Why it matters: These audits will help practices mitigate the risk of data exposure. As roles change, as they often do in small practices, the data an employee needs to do his or her job also is likely to change. HIPAA security rules require that practices have administrative safeguards in place to protect all patient information.
What a physician has to do: Physicians need to set policy about how often audits should take place. System or practice administrators can perform these tasks, but physicians always should be told what those audits have found, experts say. Regular meetings or reports will help keep doctors informed.
Backing up files
What it entails: Instituting a regular backup schedule that occurs no less than several times a week; storing data either virtually or on portable devices.
Why it matters: HIPAA and security rules require practices to secure patient information. Backing up those files is among several best practices that physicians should adopt to ensure that a disaster, whether technical or natural, doesn't cause permanent loss of patient files.
What a physician has to do: If data are stored on portable devices, such as tapes or memory cards, a service should be contracted that will pick them up and store them off-site.
Lior Blik, president and CEO of Network Infrastructure Technologies, a New York-based IT solutions firm, said that when data are backed up virtually, most programs send alerts indicating that the backup was successful and detailing what was backed up. While someone else, such as a practice administrator, could actually send data to storage, the physician needs to be the one who receives the backup message.
"I would definitely make sure I get involved in that if I were a physician," Blik said. "That is a key you definitely don't want to lose, because this is your business."
Practices that use hosted systems most likely would have this done for them by the host, but the practice should learn how data are stored. Blik also suggests that physician partners run a data recovery test every few weeks to ensure that storage and recovery processes are working.
Analyzing financial and clinical performance
What it entails: Taking a measurement of how the system is affecting finances and clinical performance by comparing pre-implementation numbers with post-implementation measures. An analysis can run queries by demographics, diagnostic codes, labs, medications and vitals, or a combination of these, and on financial information.
Why it matters: Reviews will help a practice identify its return on investment for its system. The analysis will help the practice identify areas that need further improvement, and areas that an EMR already helped to improve. Reviews also will help a practice prove its case for bonuses or incentives under any insurance plan's program encouraging information technology use, including meaningful use under Medicare and Medicaid.
What a physician has to do: If the physician is not doing the actual queries, he or she needs to be aware of the results. "If you're not able to measure at all, you can't improve," said Chad Kerr, a health information technology consultant with Ingenix Consulting based in Eden Prairie, Minn.

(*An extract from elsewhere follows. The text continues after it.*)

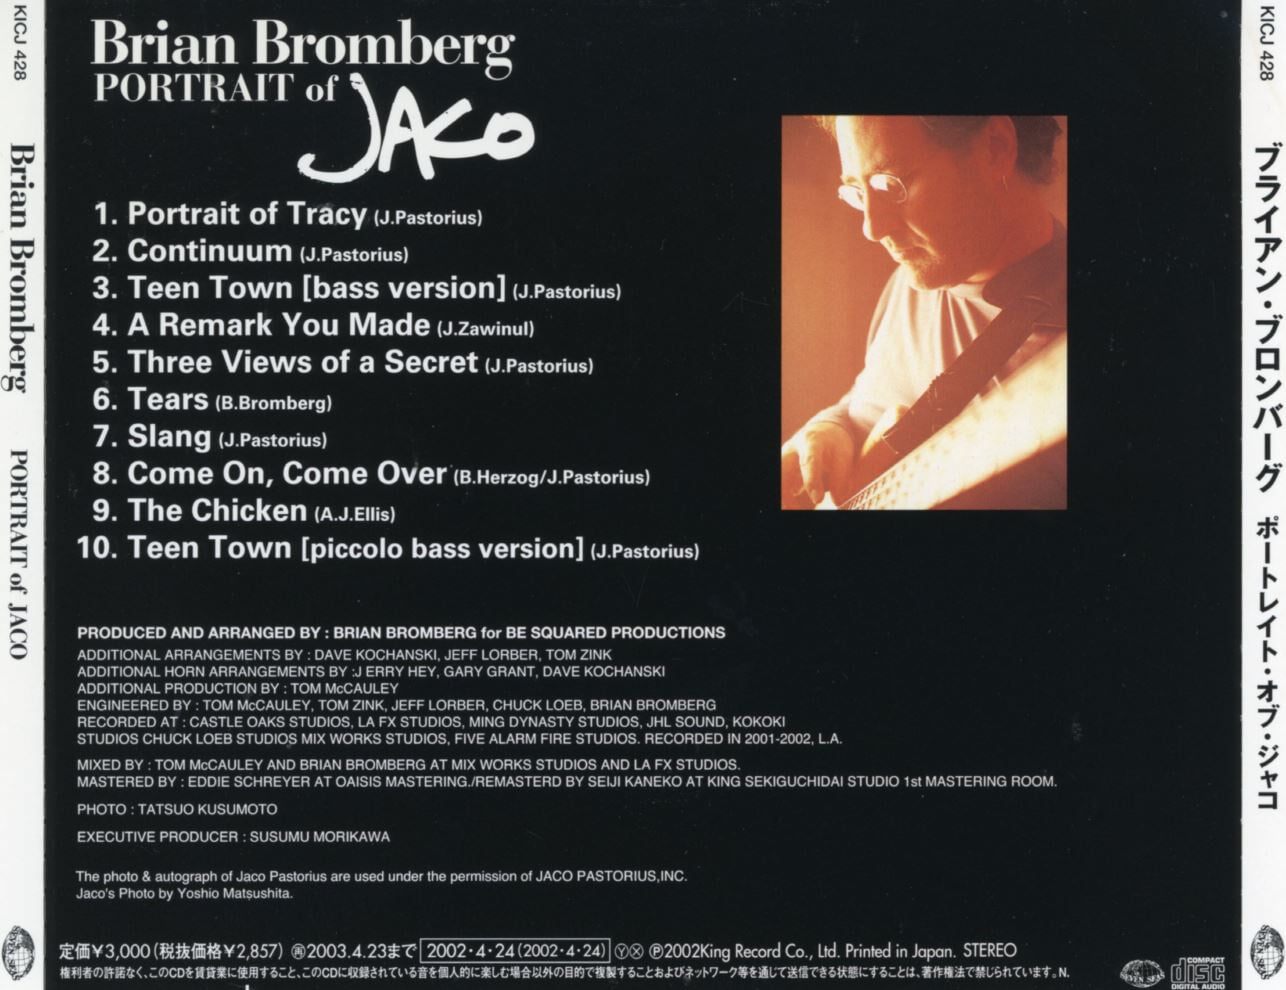 브라이언 브롬버그 - Brian Bromberg - Portrait Of Jaco [일본발매]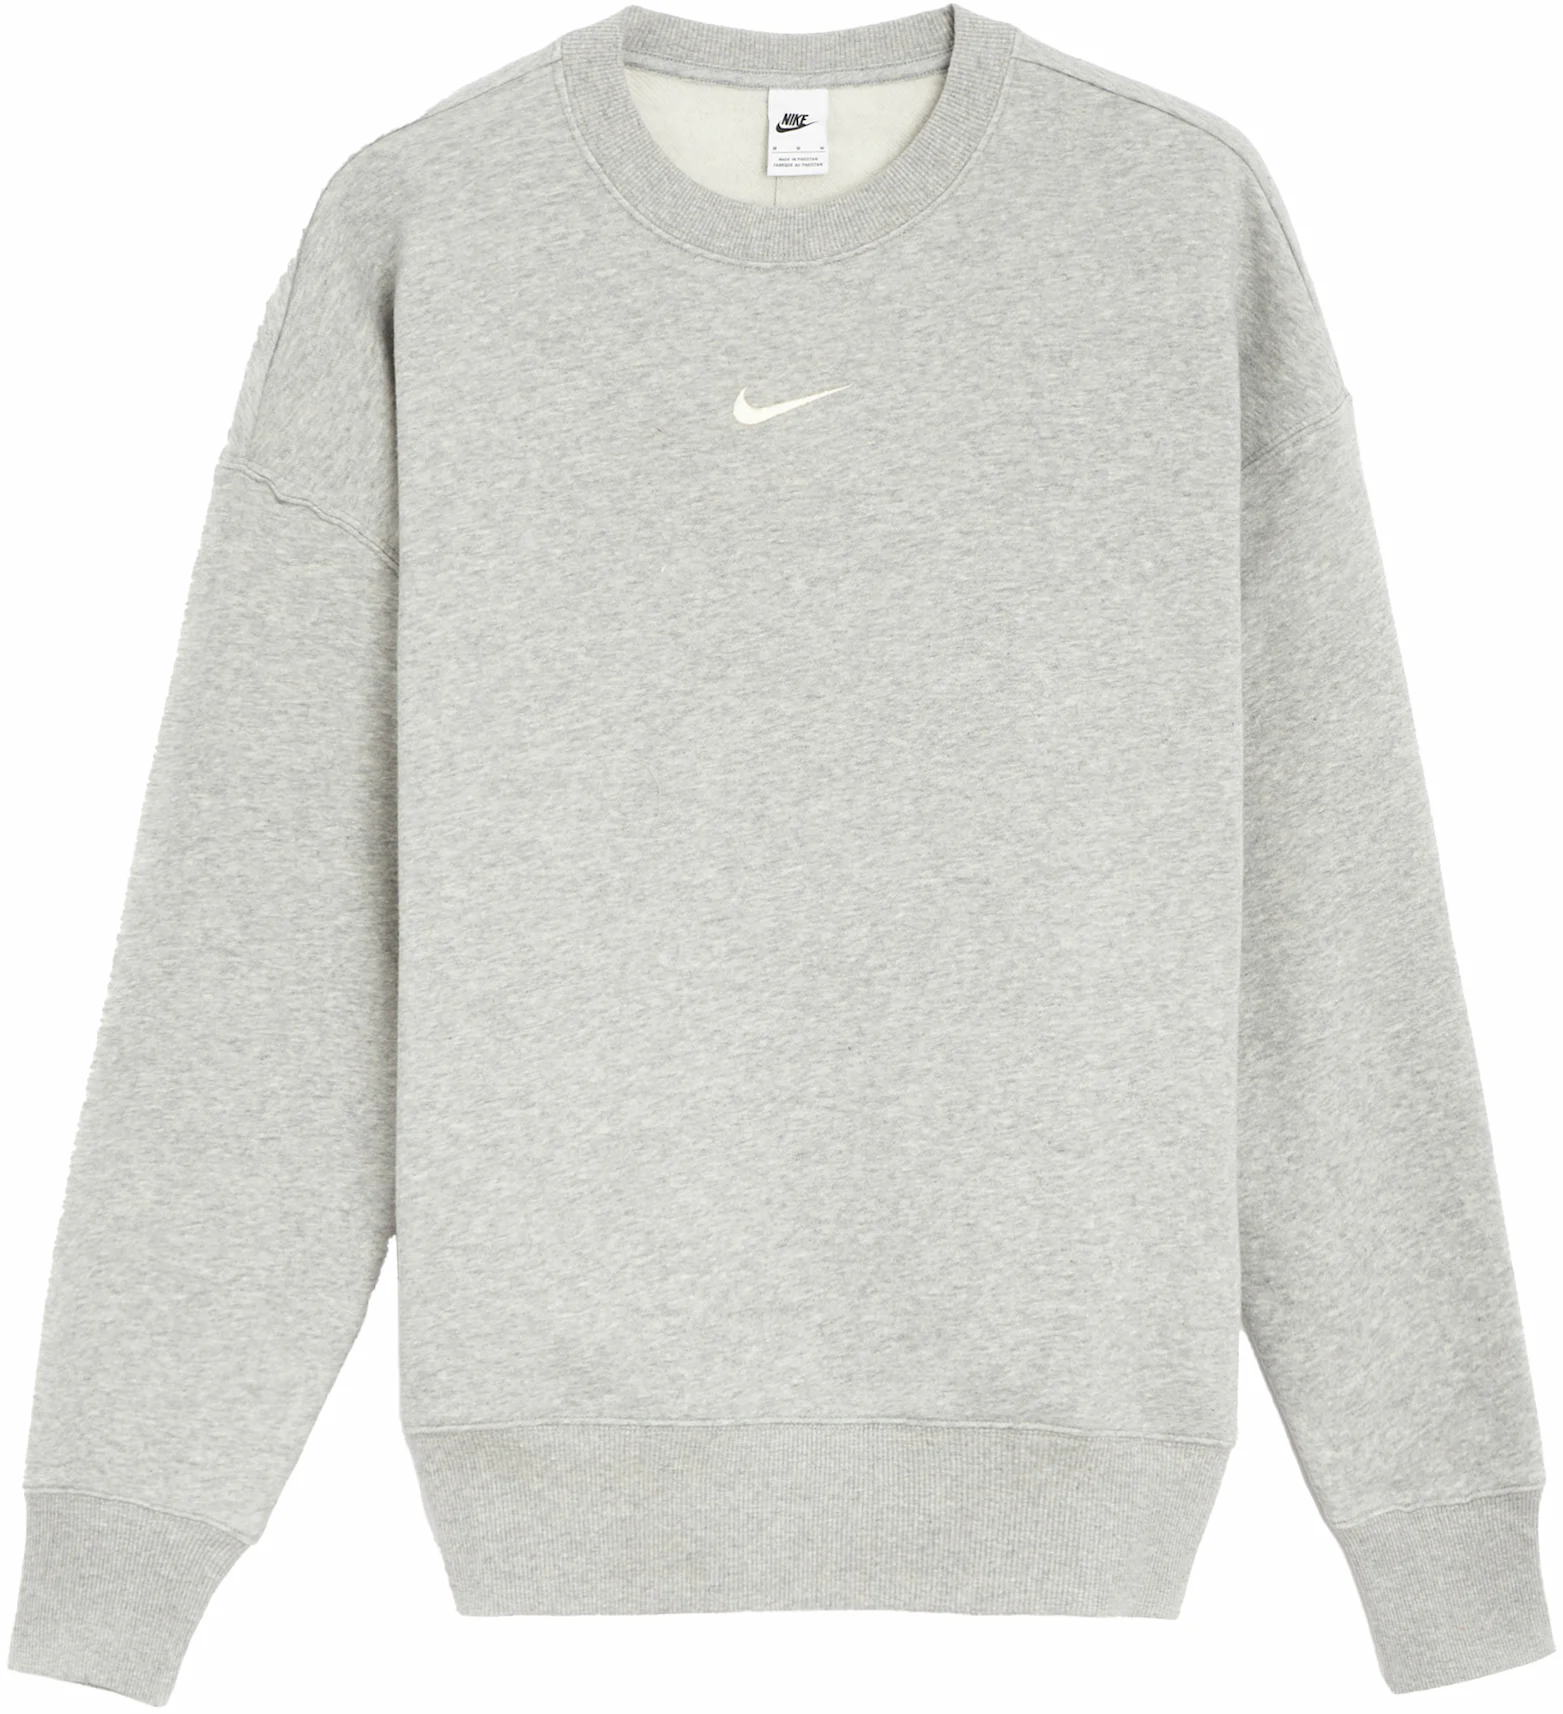 Nike Women's Phoenix Fleece Oversized Crewneck Sweatshirt Grey - FW23 - US

Monitoring the changing health IT landscape
What it entails: Keeping an eye on emerging technologies to determine the ones your staff might try to incorporate into their work lives.
Why it matters: Kerr said that if practices don't know what up-and-coming technologies employees might be trying to use, employees might try technologies that won't be supported by the existing infrastructure. Wireless devices and personal computers are perfect examples, he said, as new tools are being introduced every six months.
What a physician has to do: Physicians need to stay on top of technology trends by reading technology news or blogs, and by talking to employees about new devices they may want to incorporate into the practice. Physicians also should talk with vendors or information technology staff to determine what devices or technology could be supported in a secure, HIPAA-compliant way.